Molecules that exhibit liquid crystal phases are called 'mesogens.' For a molecule to display an LC phase, it must generally be rigid and anisotropic (i.e. longer in one direction than another). Most mesogens fall into the 'rigid-rod' class, although disk-like mesogens are also known.
Liquid crystal phases
The various LC phases can be characterized by the type of ordering that is present. One can distinguish positional order (whether or not molecules are arranged in any sort of ordered lattice) and orientational order (whether or not molecules are pointing in the same dierction), and moreover order can be either short-range (only between molecules close to each other) or long-range (extending to larger, sometimes macroscopic, dimensions). Most thermotropic LCs will have an isotropic phase at high temperature. That is, heating will eventually drive them into a conventional liquid phase characterized by random and isotropic molecular ordering (little to no long-range order), and fluid-like flow behavior. Under other conditions (for instance, lower temperature), an LC might inhabit one or more phases with significant anisotropic orientational structure and long-range orientational order while still having an ability to flow. The orientational order may be quasicrystalline. One of the most common LC phases is the nematic, where the molecules have no positional order, but they do have long-range orientational order. Thus, the molecules flow and are randomly distributed as in a liquid, but they all point in the same direction (within each domain). The smectic phase is one where in addition to orientation order, the mesogens are grouped into layers, enforcing long-range positional order in one direction. In the smetic A phase, the molecules point perpendicular to the layer planes, whereas in the smectic C phase, the molecules are tilted with respect to the layer planes.

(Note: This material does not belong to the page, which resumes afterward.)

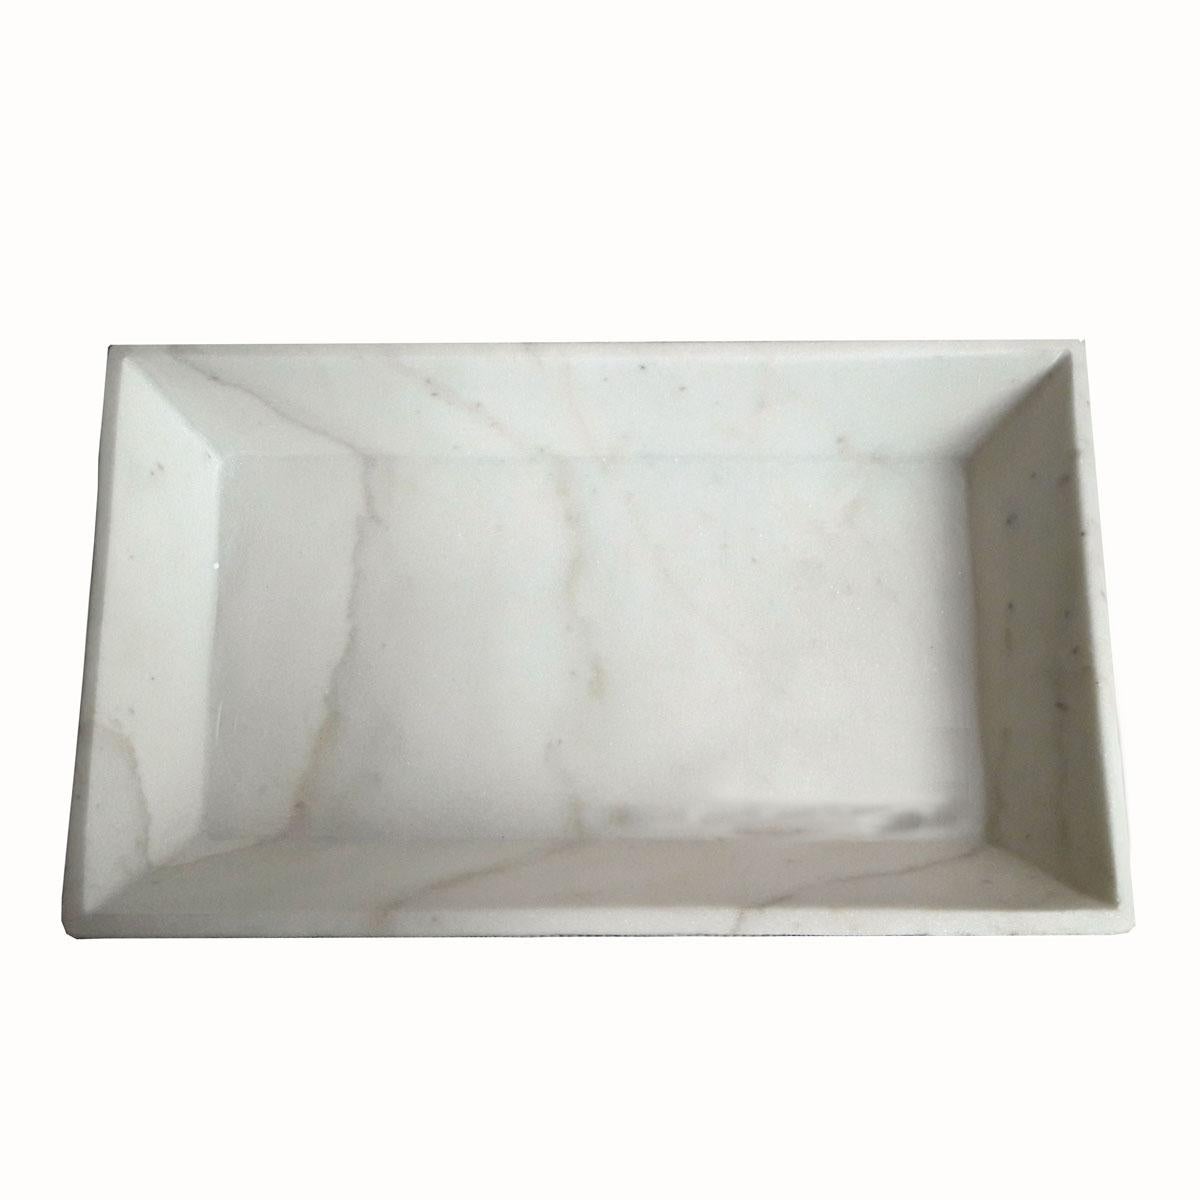 Ein weißes Marmortablett aus Indien mit abgeschrägten Seiten. Dieses schlichte und elegante kleine Tablett eignet sich ideal als Accessoire-Tablett für den Waschtisch im Schlafzimmer, als Handtuchhalter im Badezimmer oder als dekoratives Element in

The ordering of liquid crystalline phases is extensive on the molecular scale. This order extends up to the entire domain size, which may be on the order or microns, but usually does not extend to the macroscopic scale as often occurs in classical crystalline solids. However, some techniques (such as the use of boundaries or an applied electric field) can be used to enforce a single ordered domain in a macroscopic liquid crystal sample. The ordering in a liquid crystal might extend along only one dimension, with the material being essentially disordered in the other two directions.
Liquid crystal mesogens are divided into two groups depending on the shape of the molecules. Calamitic liquid crystals consists of rod-like molecules and have order in the direction of the longer axes of the molecules. In contrast, discotic liquid crystals are composed of flat-shaped molecules which align in the direction of the shorter axes of the molecules.
Important types of calamitic liquid crystals include
- nematics (most nematics are uniaxial but biaxial nematics are also known)
- smectics (smectic A , smectic C , and hexatic )
- cholesterics (which can have spiral and quasicrystalline orientational order)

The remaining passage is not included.